The 'openssl verify' command is *very* useful for verifying that a set of certificates all line up. Sadly, it seems unable to work with a CRL directory, but it can take a bundle of CRLs appended to one another. If I recall correctly, order of those CRLs is important.

 openssl verify -purpose sslclient -crl_check_all -CApath /var/lib/puppet/ssl/certdir/ -CRLfile crl-bundle.pem relabs08.mozilla.com.crt

When debugging, start by using openssl s_client on the client, rather than running puppet.
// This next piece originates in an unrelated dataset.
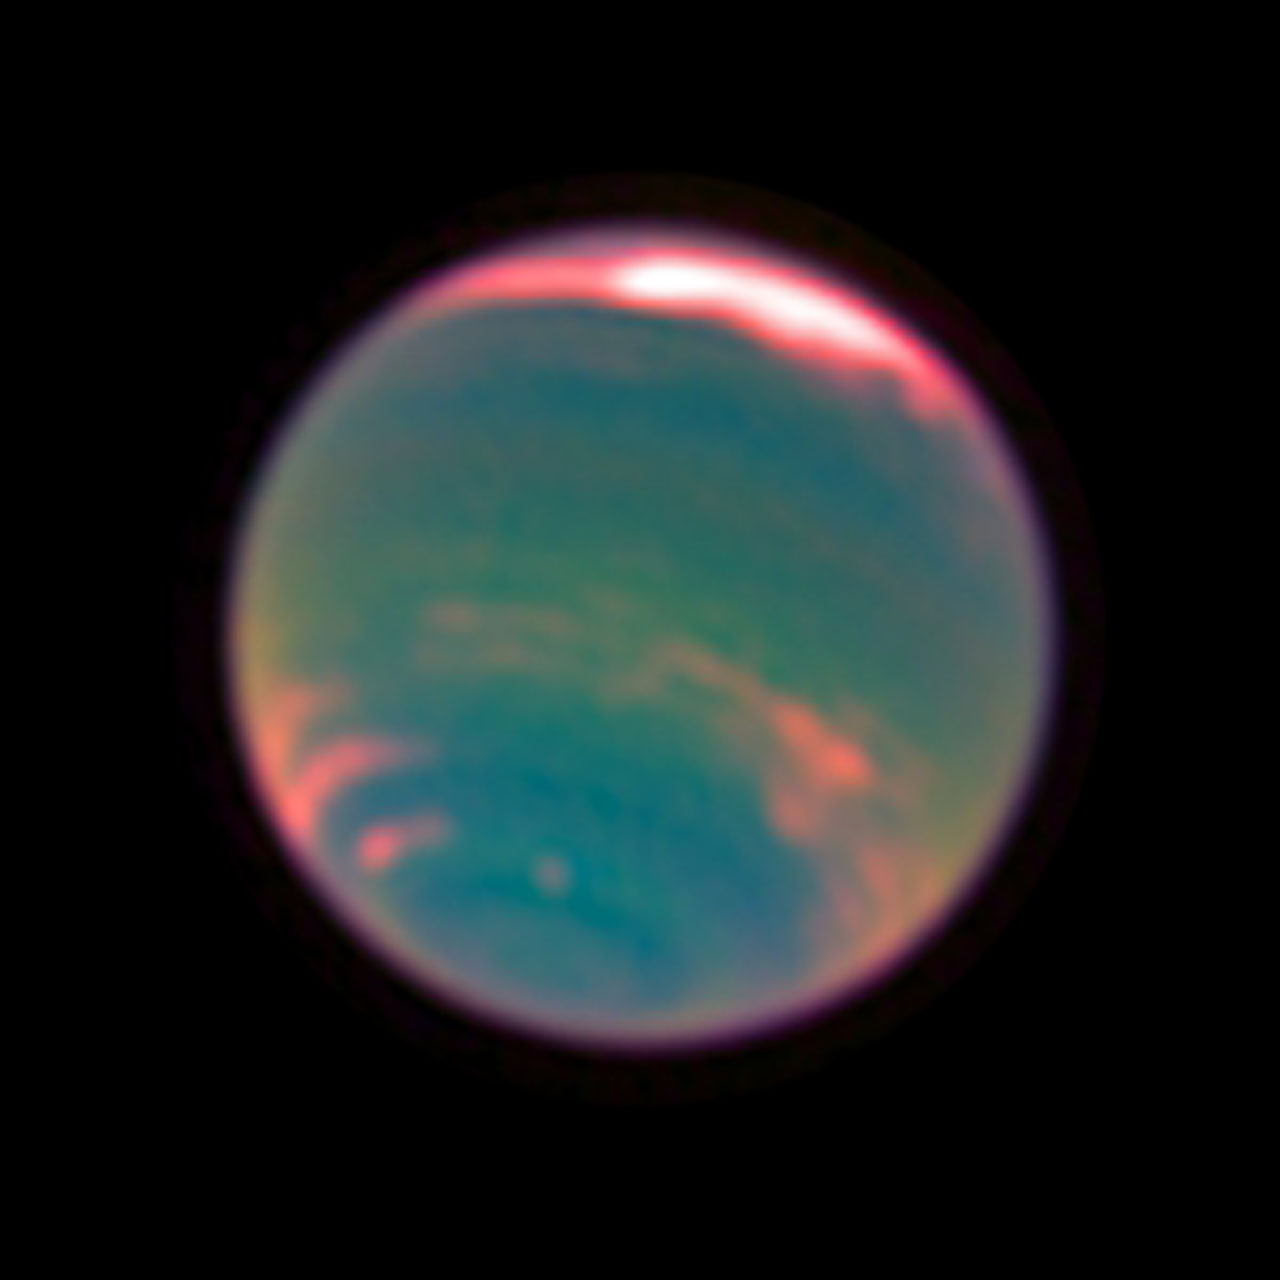 Neptune - Methane Band

Puppet currently ignores the error codes from certificate validation, so it will give you very little data to debug with. I'm working on a patch for better reporting.

openssl s_client -connect puppet:8140 -verify 3 -CAfile certs/ca.pem 
   -cert certs/$client.pem -key private_keys/$client.pem

Look for two things: first, at the very bottom of the output, you'll see the overall result of the validation. Second, if you get your shell prompt back right away, then Apache is rejecting you.

You can add 'LogLevel Debug' to the Apache VirtualHost section to get *very* verbose logging of its SSL machinations.